Chain of discount department stores

Ontario Discount Department Store was a chain of discount department stores, which operated primarily in Ohio from the late 1950s into the 1980s. Ontario's parent company, Cook United, discontinued the use of the Ontario brand when it bought the Rink's Bargain Barn chain in 1981. The remaining Ontario stores were rebranded as Rink's or Cooks stores. Cook United closed its remaining stores in 1987.

==History==
Ontario Super Mart was a Lorain, Ohio-based retail chain that began in the 1950s selling clothing, groceries, hardware, electronics and household goods. In 1964, the nine-store chain was acquired by Cook Coffee Co. of Maple Heights, Ohio, which would become Cook United Inc. Cook United would operate the chain under the name of Ontario Discount Department Stores along with Pick-n-Pay Supermarkets, Uncle Bill's Discount Department Stores, Whitehall's Discount City, and Consolidated Sales Company or CSC Stores. The Ontario chain expanded with stores in Missouri and growth into additional Ohio markets including Toledo. In 1968, Cook United acquired Clark's Department Stores in the United States from the Gamble's chain. Some of the Clark locations were converted to Cooks Discount Department Store. By the 1970s, Ontario operated stores in Cincinnati, Columbus, Cleveland and Dayton.

Because of the acquisitions, Cook United had discount stores in Texas, New Mexico, Florida, North Carolina, Iowa, Illinois, Indiana, Ohio, Pennsylvania, Oklahoma and Kentucky at the start of the 1970s. The company's goal was to reach $1 billion (~$ in ) in sales and forecasted that it would operate more than 100 stores under its various brand names by 1975.

In 1975, the company had grown to 82 stores and had fallen short of its sales target. Cook United announced it would discontinue Ontario store operations in Missouri. The parent company continued to close stores and had just 23 Ontario stores remaining at the beginning of the 1980s. Cook United acquired Rink's Bargain City, another Ohio-based discount retailer in 1981 to increase its total number of stores to reach its goal of 100 stores and now had reach into Michigan.

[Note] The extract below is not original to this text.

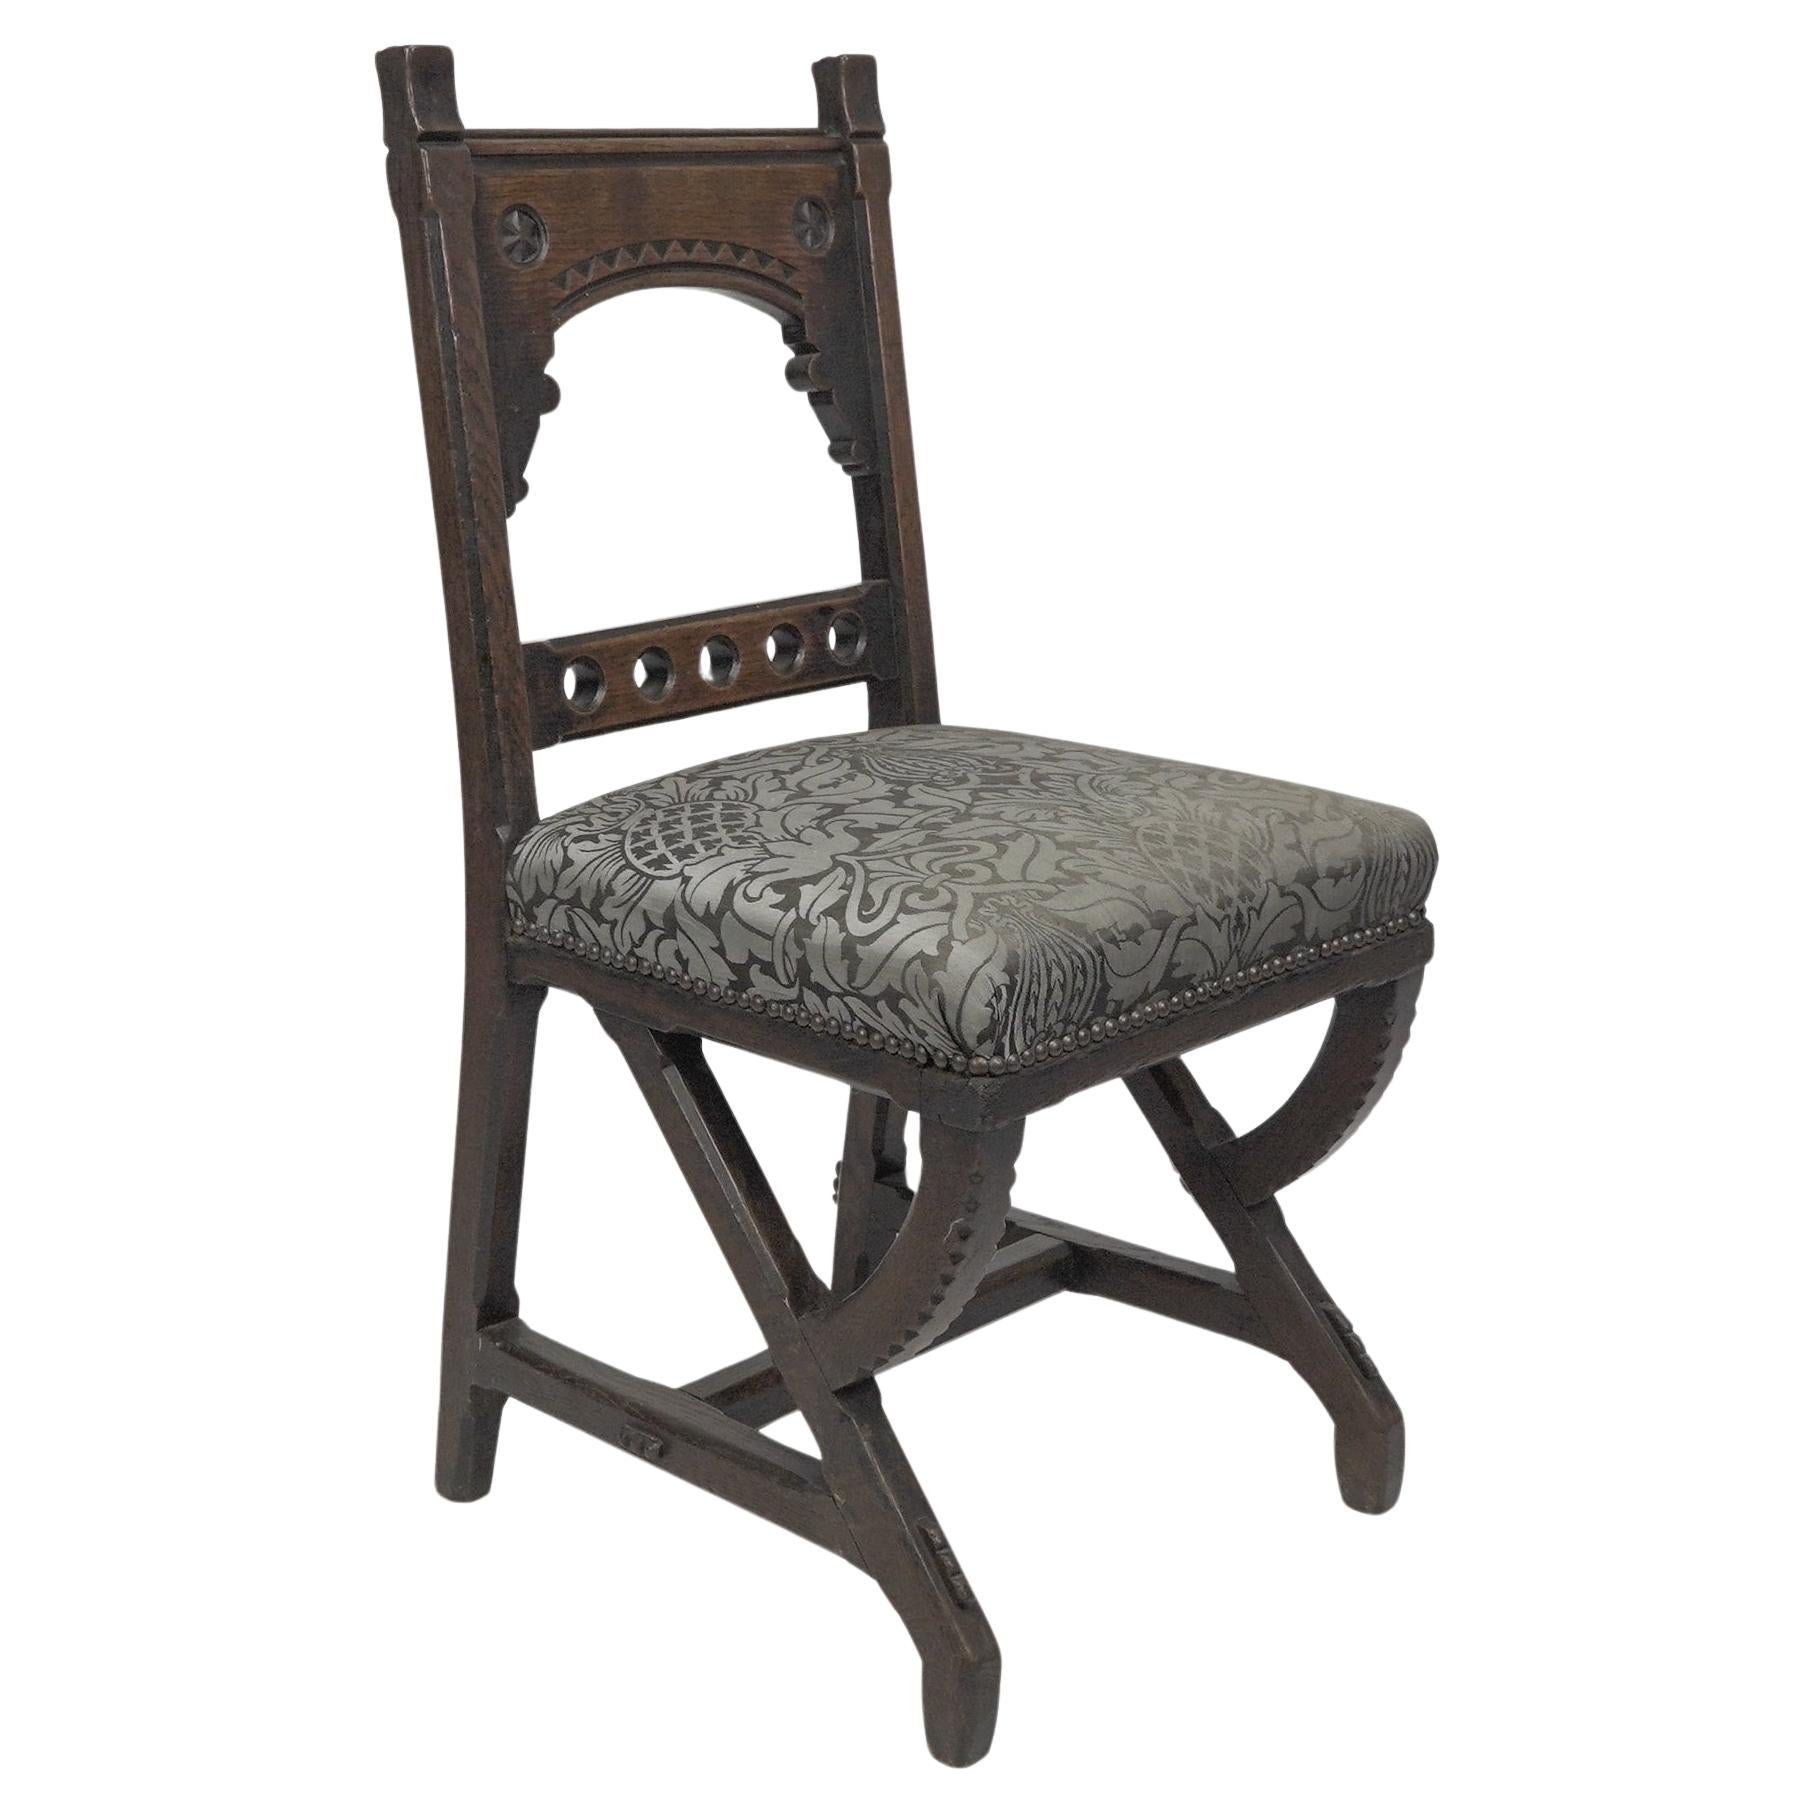 Charles Bevan zugeschrieben. Beistellstuhl aus Eiche im Stil der Gotik mit geschnitztem Dekor

===Bankruptcy and closure===
In May 1981, the Ontario Discount Department Store nameplate was dropped and 19 Ontario stores were converted to Rink's or Cooks. This effectively ended the Ontario nameplate after more than 20 years of operation. The former Ontario stores operating as Rink's Discount Department Stores did not last much longer. Five Dayton, Ohio, Rink's stores, including two former Ontario locations which had been rebranded for less than a year were closed in December 1981. In 1983 and 1984, Cook United announced 41 further closings including all 14 Cincinnati-area Rink's stores, 8 stores in Columbus and 9 CSC stores in Louisville. Cook United filed for Chapter 11 bankruptcy in October 1984 and, after 19 more store closings, the entire chain was down to 53 stores.

Cook used bankruptcy protection to modernize stores and converted many of them to the Cooks Discount Department Store nameplate. The leaner, Ohio-centered portfolio did not help financial conditions. In May 1987, the company announced it would close 26 of its 29 remaining stores. The remaining three-store chain operated solely under the name of Cooks. Six months later, the corporation announced the closure of the three remaining stores – two in Lima, Ohio, and one in Wausseon, Ohio – just prior to Thanksgiving of 1987. Cook United was liquidated in Chapter 7 bankruptcy.